By: John Van de Vaarst, National Clinician
Two seasoned NISOA officials are assigned as an assistant referees on a highly competitive game. The referee assigned is younger and considered to be “on the fast track” for officiating higher level games. The younger official has displayed the ability to control games, make good decisions and is physically fit. During the pregame conference, the referee appears confident and ready to accept the challenge. On the surface, it seems like this should be a fun game to be a part of the officiating crew.

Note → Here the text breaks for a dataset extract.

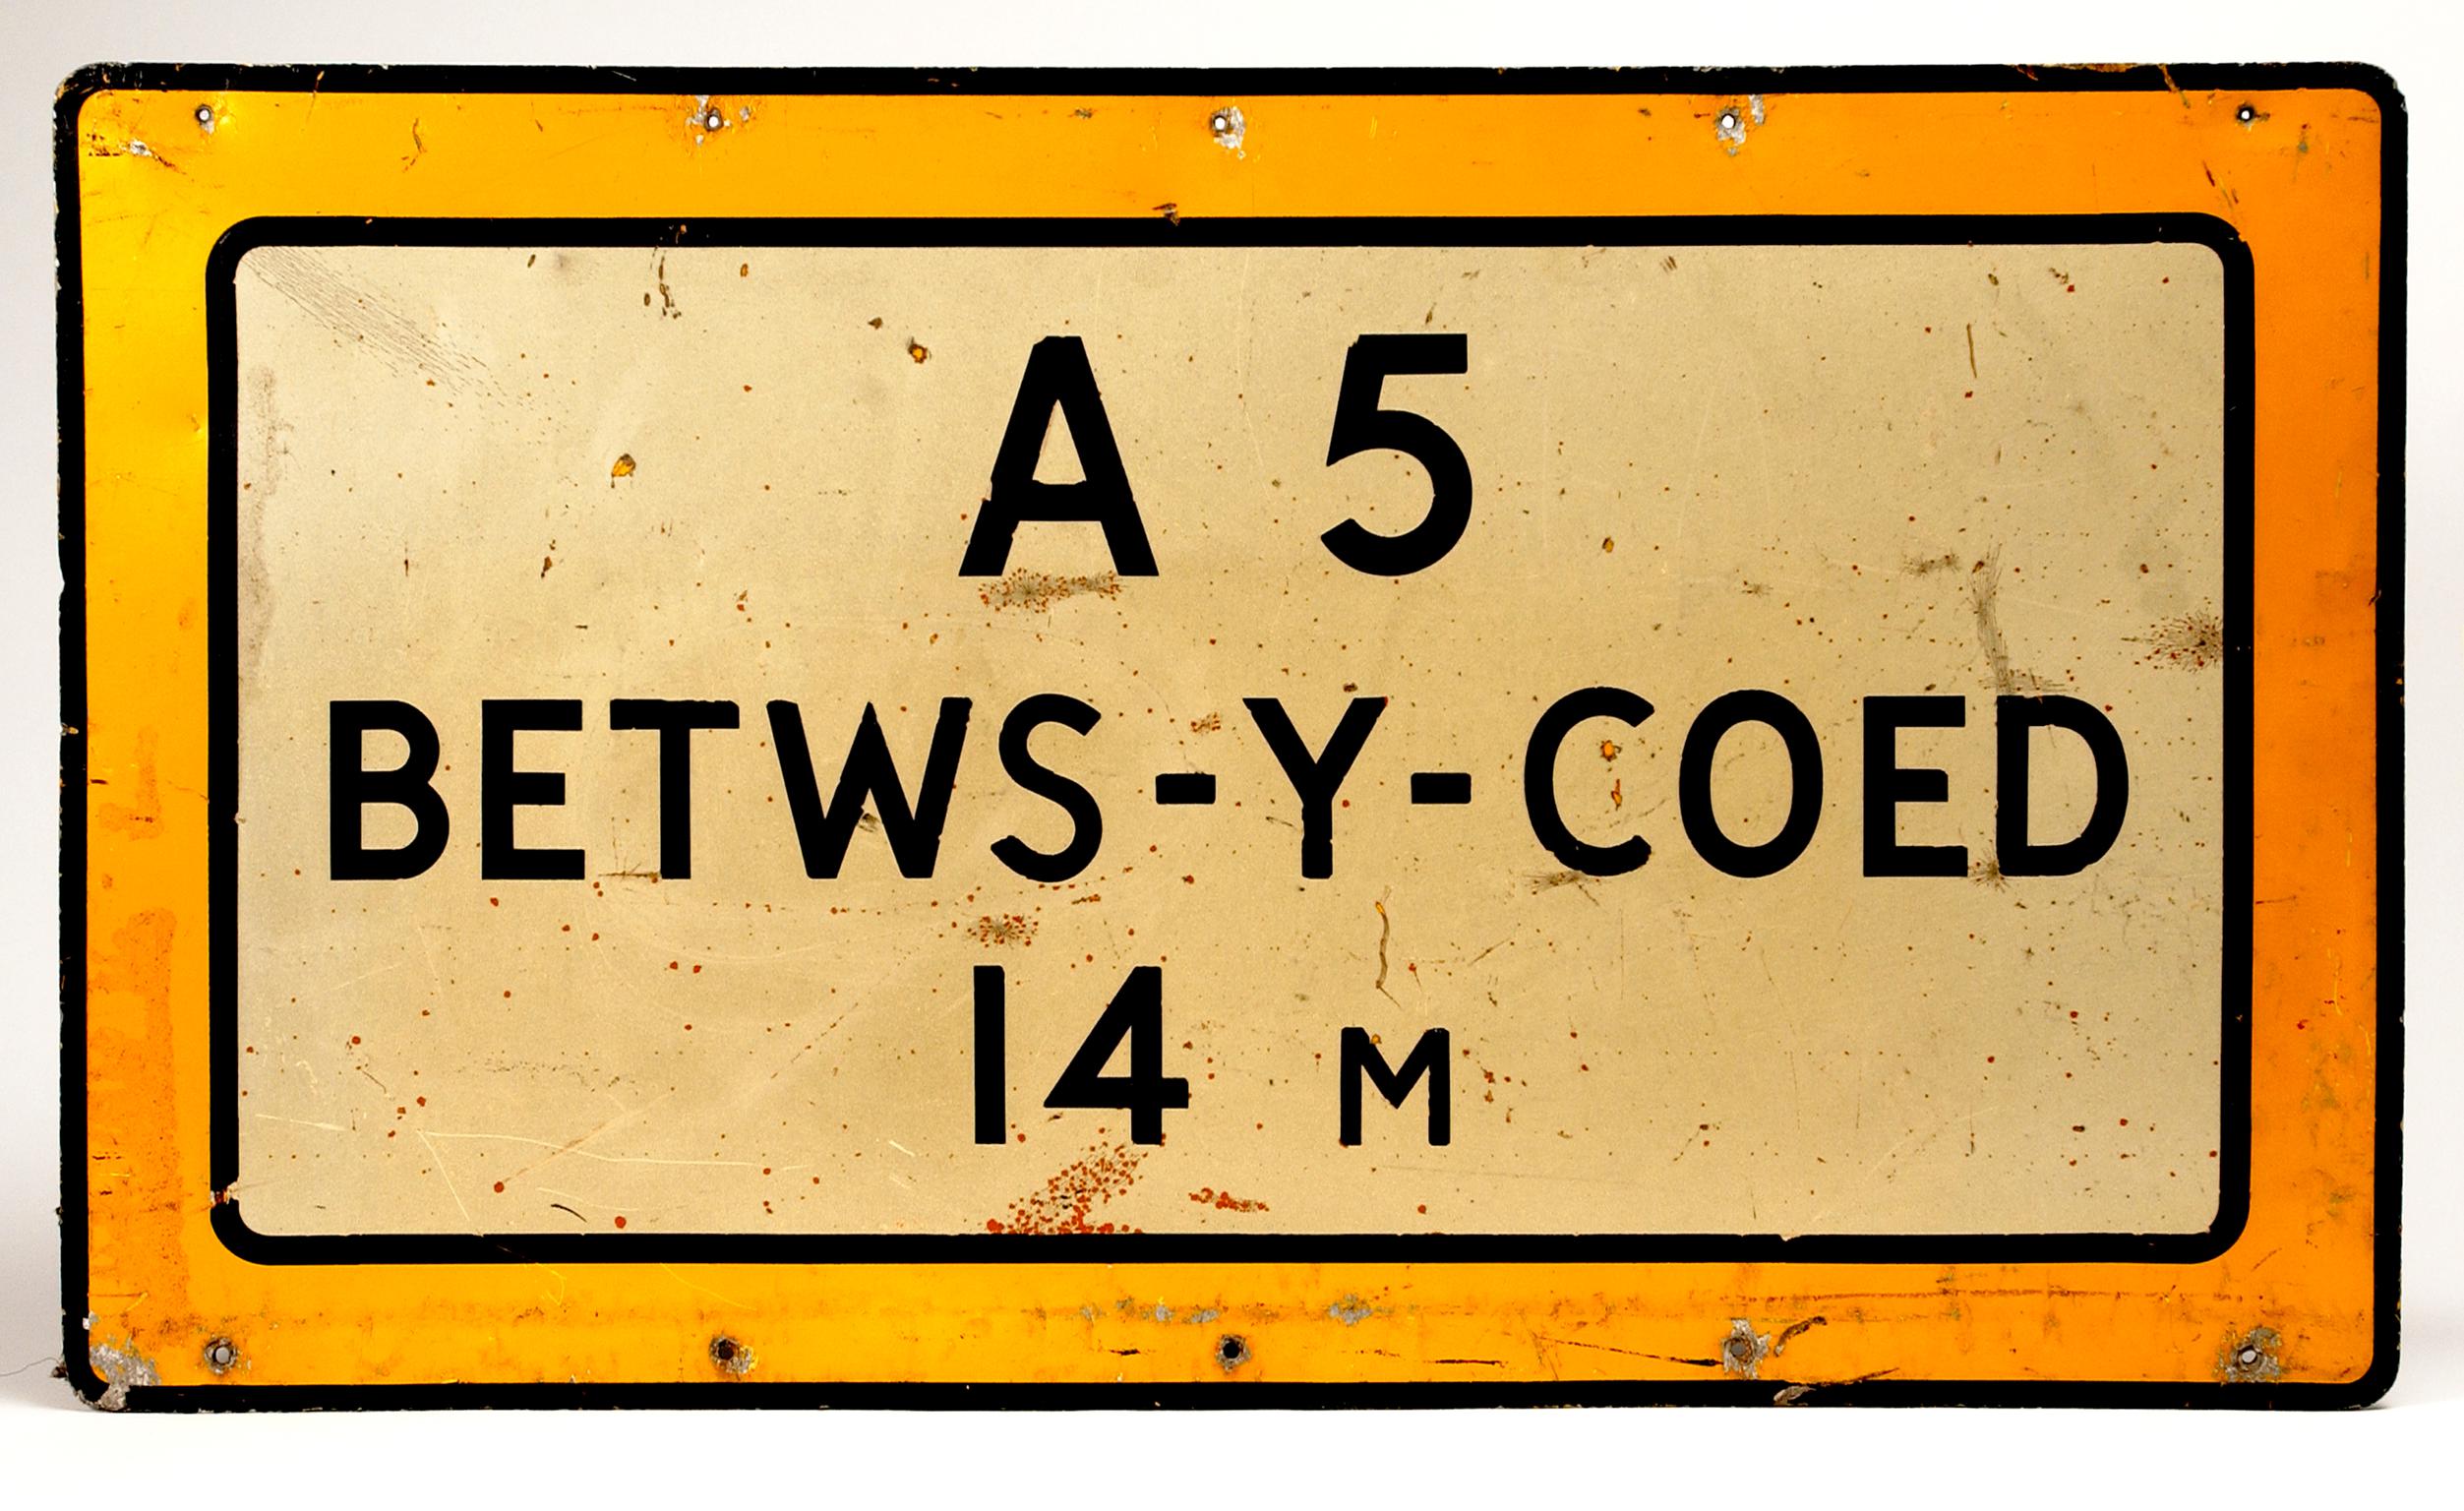 A5 Bettw-Y-Coed, road sign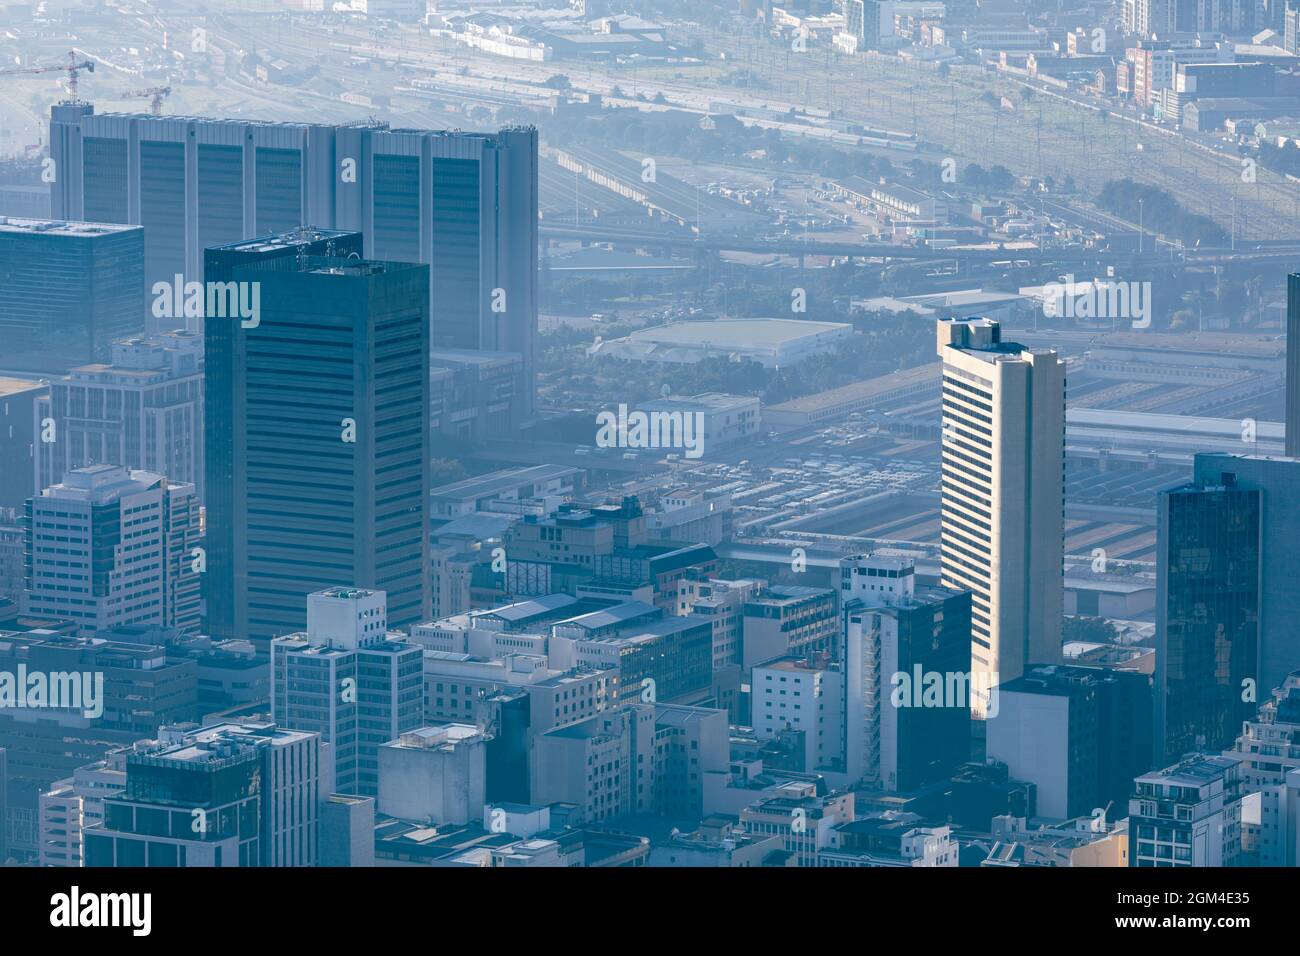 Vue générale sur le paysage urbain avec plusieurs bâtiments modernes et gratte-ciel le matin Banque D'Images

Early in the game there is a hard foul near the touch line and assistant referee. The assistant motions to his/her pocket to advise the referee that a caution should be issued. The referee makes eye contact but elects to talk to the player who committed the foul and the game continues. Soon there is another hard foul and again the referee decides to give a verbal warning. As the game progresses it becomes more physical and the referee is having a hard time keeping control. At half time the assistant referees recommend that the referee call more fouls in the second half and issue cautions and/or ejections if necessary. The second half is even more difficult to control and the referee issues multiple cautions. The players are very frustrated and by the end of the game a fight ensues. The referee ejects four players, two from each team. Neither coach is pleased with the officiating and berate the referee after the game.
Most NISOA members have been in a situation as described as above. The question becomes what do the two seasoned assistant referees do to help the referee so that the next game does not have these problems? The first thing is to comfort the referee. Every referee that has been in this position leaves the field with his/her head down. The referee knows that he/she could have done better and is now second guessing him/herself. The two assistant referees need to help the referee through this period by providing comfort and assurance. This is the time to rebuild the confidence of a fellow official. This is the first step. Immediate criticism of the referee will not be well received. He/she already knows that the game did not go well and does not need to be reminded of it. The assistant referees should work with the referee to comfort him/her and help get through this difficult time.
Once the referee is comforted the next step is to counsel. The two assistant referees can provide constructive advice on how to prevent the problems that developed during the game. This counseling should be positive in nature and not condescending. The assistants should point out specific incidents in the game and describe what happened and how it impacted the remainder of the game. The assistant referees should then provide ideas on how to handle the situation differently so that a positive result will occur. This type of counseling will normally be well received and help the referee in the future. The assistants should also bring up positive aspects of the game and what the referee did well. At the end of the discussion the referee should leave the locker room with ideas on how to improve and strengthen his/her game control in the future.
The last step in improvement is to correct the officiating techniques in the next game. The referee should head the advice that was provided and apply it to the next game. This must be done in a manner that the referee does not try to change his/her overall style of officiating, but take the key ideas and apply them during the next game. Trying to change too much at one time can lead to distraction and inability to properly officiate the game. The referee should try one, two or three new methods of game control and work with those ideas until they become a normal part of the officiating experience. This will help the referee improve his/her overall skills and become a better official in the future.
Comfort, counsel and correct is a good method to help any official improve his/her performance. The critical aspect is for the official to listen and learn from every experience.